Edit: Refusals: 87/100. Run out of VRAM afterwards.

That 'ps' went hard, i will say.

A shame about the resources, there is no rush tho, if it can be done at a later time, that is more than fine.

Anyway, its less about outright refusals and more about... behaviour steering; I feel the model 'as is' is too... "hesitantly positive", and i reckoned this process here could make it... less so.
That said, by your own metrics there were 87 refusals... and this process would surely impact it in that way.

I believe that the underlaying model (Irix), is performant and stable enough (in my humble opinion) that even if a merge, the trade-off with this "heresy" will still be a net positive.
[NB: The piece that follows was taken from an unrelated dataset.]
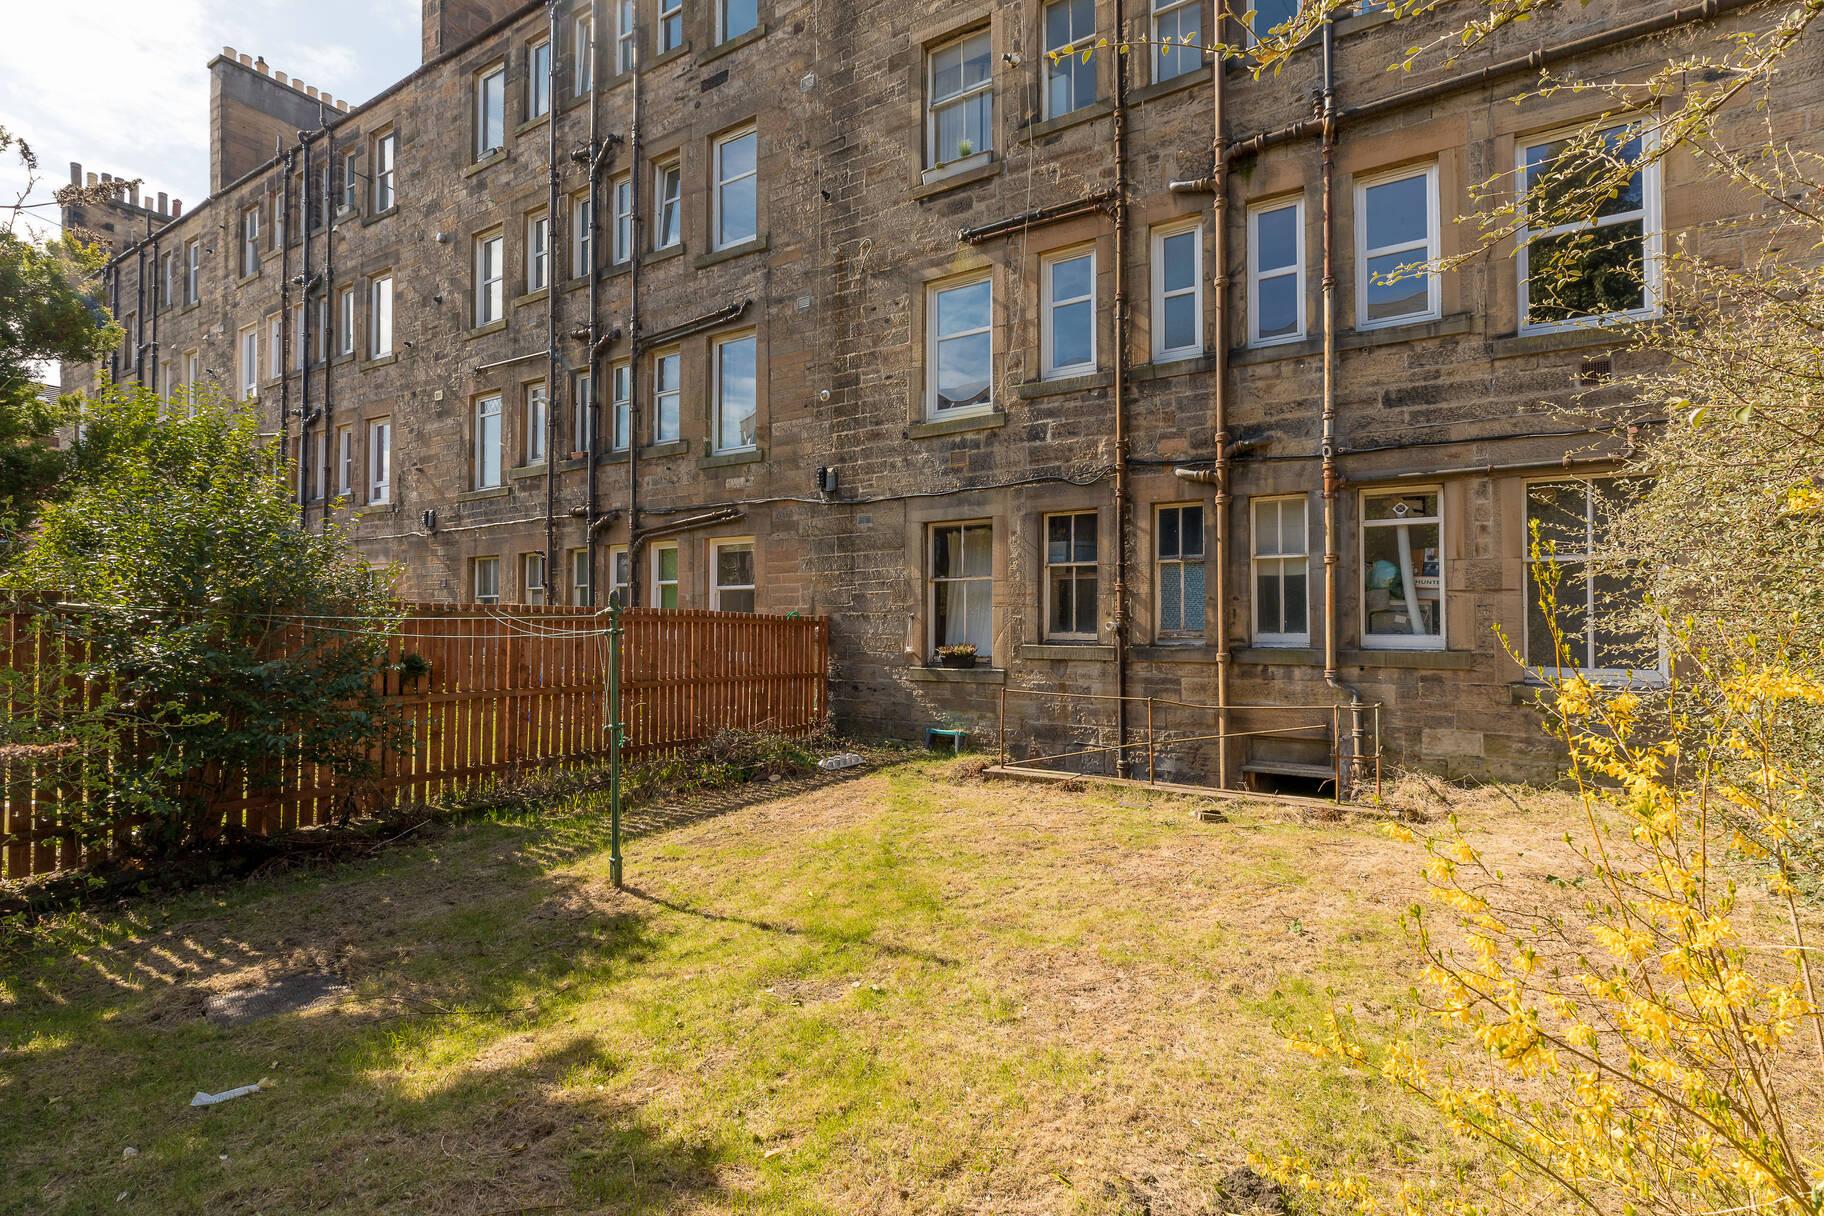 10/4 Hermand Terrace, Edinburgh, EH11 1QZ
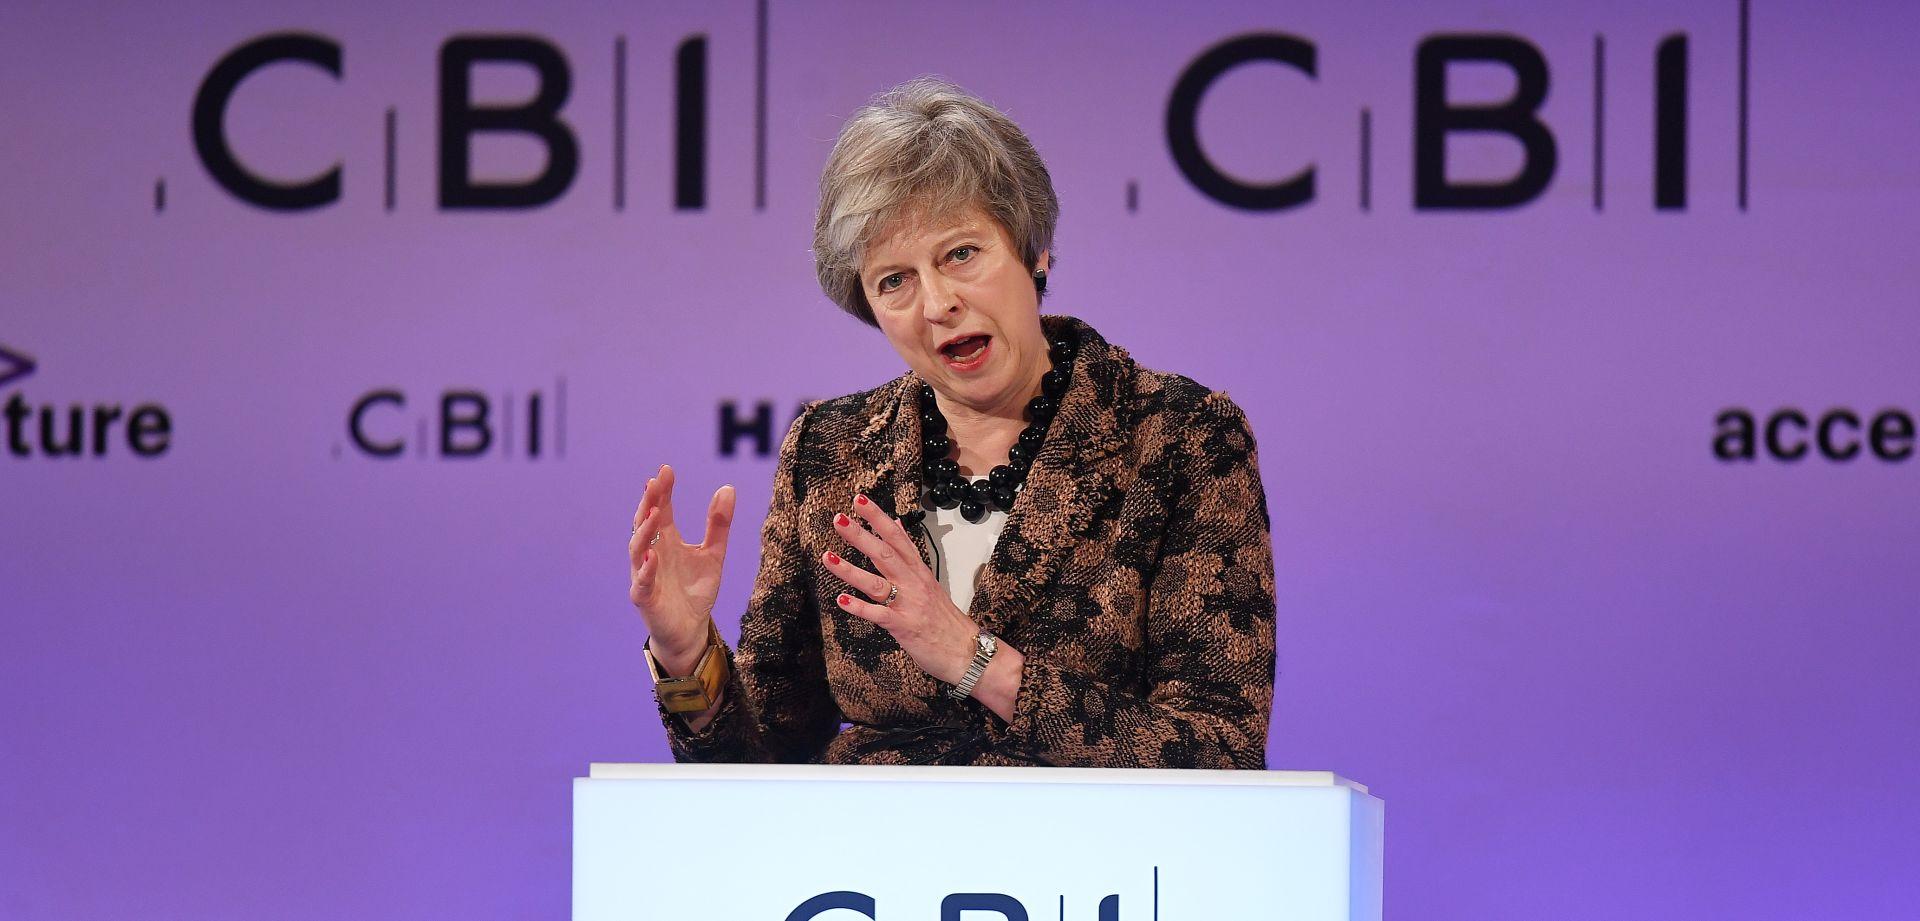 May danas u Bruxellesu želi riješiti sporne točke Brexita

Tokenization (and what touches it) is a problematic thing with merges, "karcher" and "union" are particularly fiddly in this aspect. I experimented with several merge configurations in the past, and decided that the results were too dicey for me (tho others have made it work). Model Stock, however, has shown to yield stable results time and time again in my experience, and i would bet it survives this ablation method too. (i did skim over the linked discussion, thanks for the read).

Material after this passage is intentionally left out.